Borromeo Bagwis has managed his fishing boat business for 30 years. He spent his free time with his wife and children, and on weekends he would walk three kilometers daily to stay in shape. But everything changed when Bagwis lost consciousness one Sunday morning.
“The last time I remember was feeding the fishes in the nearby pond. I am fortunate that I did not fell in the water and drowned” says Bagwis. “It was heartbreaking to hear the doctor saying my kidneys were functioning at only 40 per cent capacity due to uncontrolled diabetes.”
Bagwis began taking medication to control diabetes and maintain kidney function. “I have managed to avoid dialysis for 15 years since I have strictly followed my exercise and low-salt, low carbohydrate diet plan. I have learned to prioritize my health after I was diagnosed with chronic kidney disease.”
There is No Exclusivity with Chronic Kidney Disease (CKD)

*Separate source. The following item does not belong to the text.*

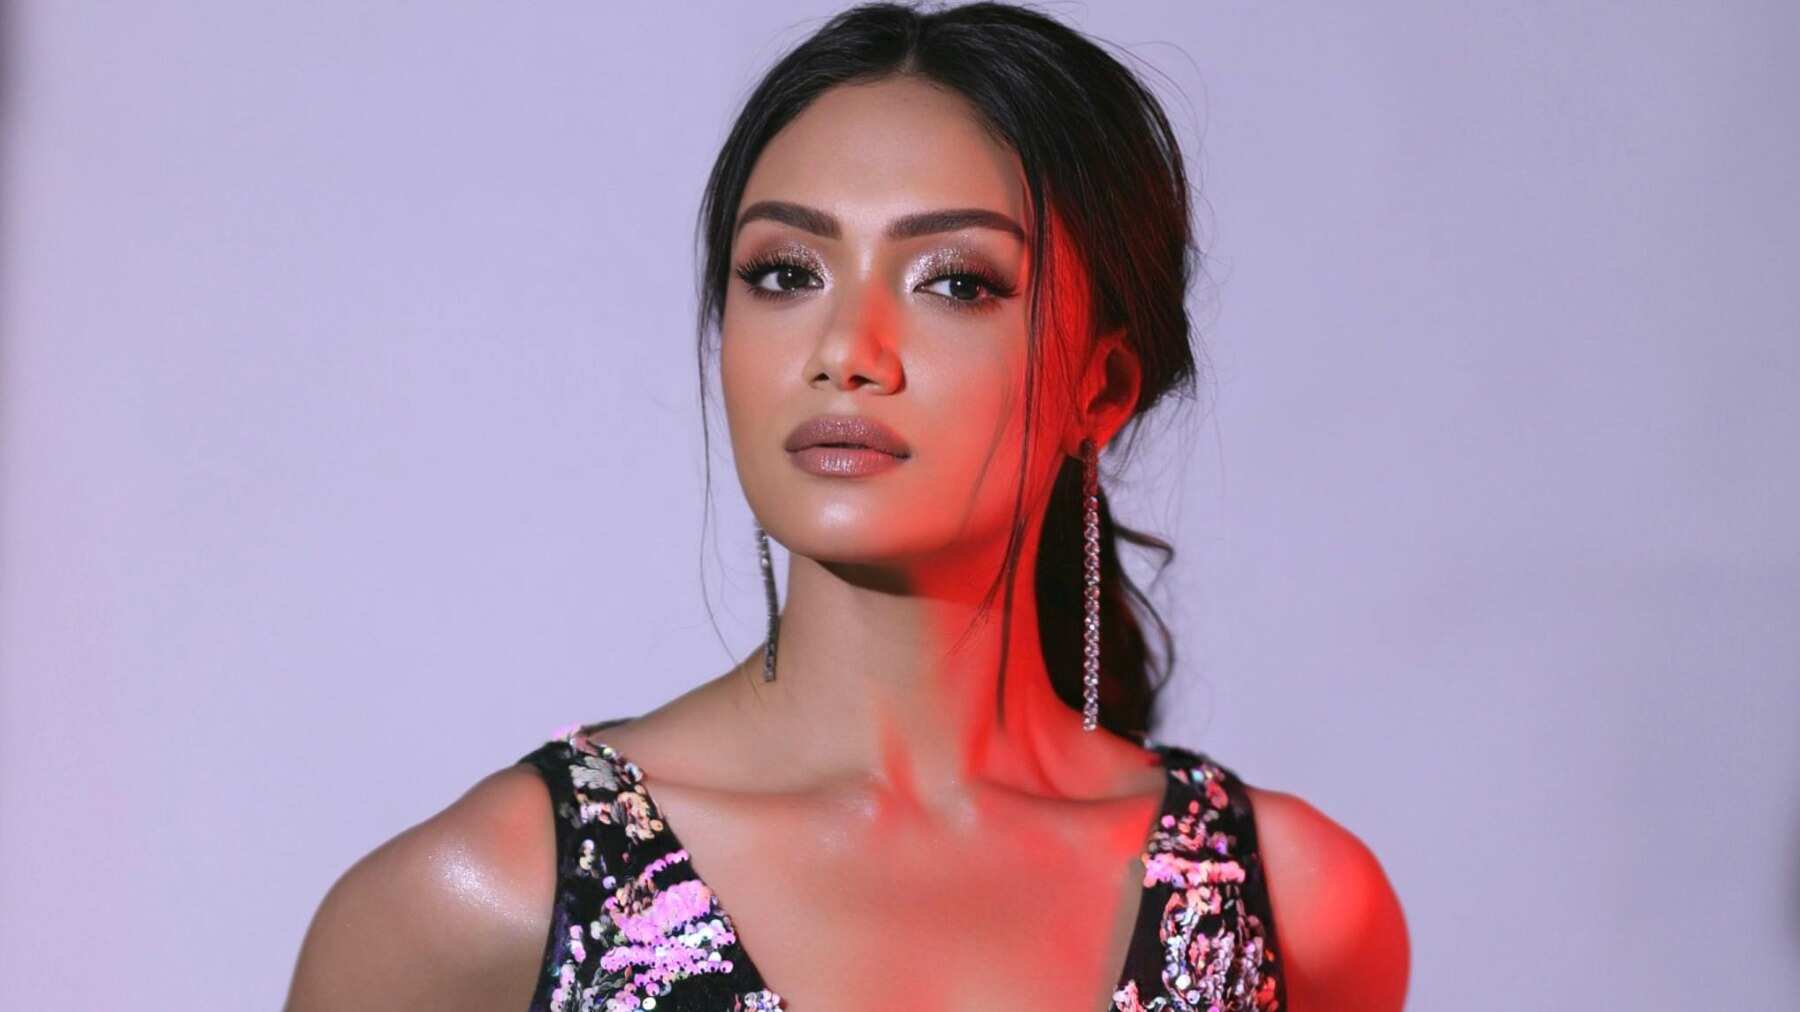 https://www.mobilemasala.com/movies/Exclusive-Shruti-Das-on-Julie-Instead-of-quantity-I-would-rather-work-on-one-significant-character-and-this-is-one-such-role-i225218

Kidney disease does not discriminate. Regardless of race, age and gender, one in 10 people have some degree of CKD. African Americans, Hispanics, American Indians and people of South Asian origin (those from India, Bangladesh, Sri Lanka or Pakistan) have increased risk of developing CKD due to higher rates of diabetes and hypertension in these communities. Recent reports show predilection of CKD with increasing age (partly due to normal aging of their kidneys) and in women with chronic diabetes (driven by kidney filtration rate).
Silent Epidemic: Damaged Kidneys Develop Overtime
The condition strikes silently, giving its victims the impression that they are healthy while their kidneys become irreparably damaged. Like Bagwis, most people do not know that they are affected until they have lost considerable kidney function. Some people are diagnosed by chance. When Anna Sy took a blood exam as prerequisite to karate class enrollment fifteen years ago, tests showed that she had hypertension, and further evaluation uncovered silent CKD.
“I was not aware that kidney problems can result from high blood pressure,” Sy says. “I was fit enough to run and play sports with my kids all day long.”
The two most common causes of the disease—hypertension and diabetes, which are associated with obesity—have become more widespread. In ten years, twice as many people could have CKD, according to some estimates.
Several conditions, including infections and genetic conditions, can also cause kidney disease, which damages both kidneys. When the kidneys do not function properly, waste and protein build up in the bloodstream, leading to hypertension and other problems that further damage the kidneys.
Research shows that 90 per cent do not die directly from CKD, but from cardiovascular events associated with it, such as heart attack or stroke. For the majority of these patients, when their kidney function goes down, their cardiovascular events go up exponentially. “End stage kidney disease is just tip of the iceberg,” says Dr. Clariz Gonzales, a practicing nephrologist in Marinduque. “We are trying to educate the public, since most patients do not consider their kidneys important.”
CKD Progression Can be Slowed Down with the Right Treatment
Lifestyle changes and medication may slow kidney disease in earlystage patients, while endstage patients may receive dialysis or transplantation.
Sy has maintained kidney function by taking Angiotensin-converting enzyme (ACE) inhibitors, a class of blood pressure lowering medication that slow down or prevent further kidney damage. “I see ladies my age and they are fat, sitting in front of the TV eating treats,” says Sy, now 55. “I was fighting for fifteen years to get my health back. I think I am healthier than people in my age group because I learned to value health at a very young age.”
Soon, new treatments may ease kidney patients’ lives. Drugs that inhibit sodium absorption may help patients keep from further damaging their kidneys. Wearable artificial kidney, which could replace the need to connect to stationary dialysis machines, will increase the dialysis time from 150 hours per week continuously instead of there to four hours a day, making toxin removal process more efficient.
There is Still Life after Kidney Transplant
Patients with end stage disease can thrive after a transplant. Faye Daliva learned that she had kidney disease at 20, and needed dialysis four years later. Her sister donated a kidney and the surgery changed her life.
“The main difference is the energy,” Daliva says. “When I was on dialysis, I could not keep up with my younger sister when she started joining fun run events. That is not a problem anymore. I might join her soon.” “Transplant recipients take immunosuppressant drugs to prevent organ rejection, and their kidney function is lower than a healthy person’s. But they can live active lives again,” Gonzales adds.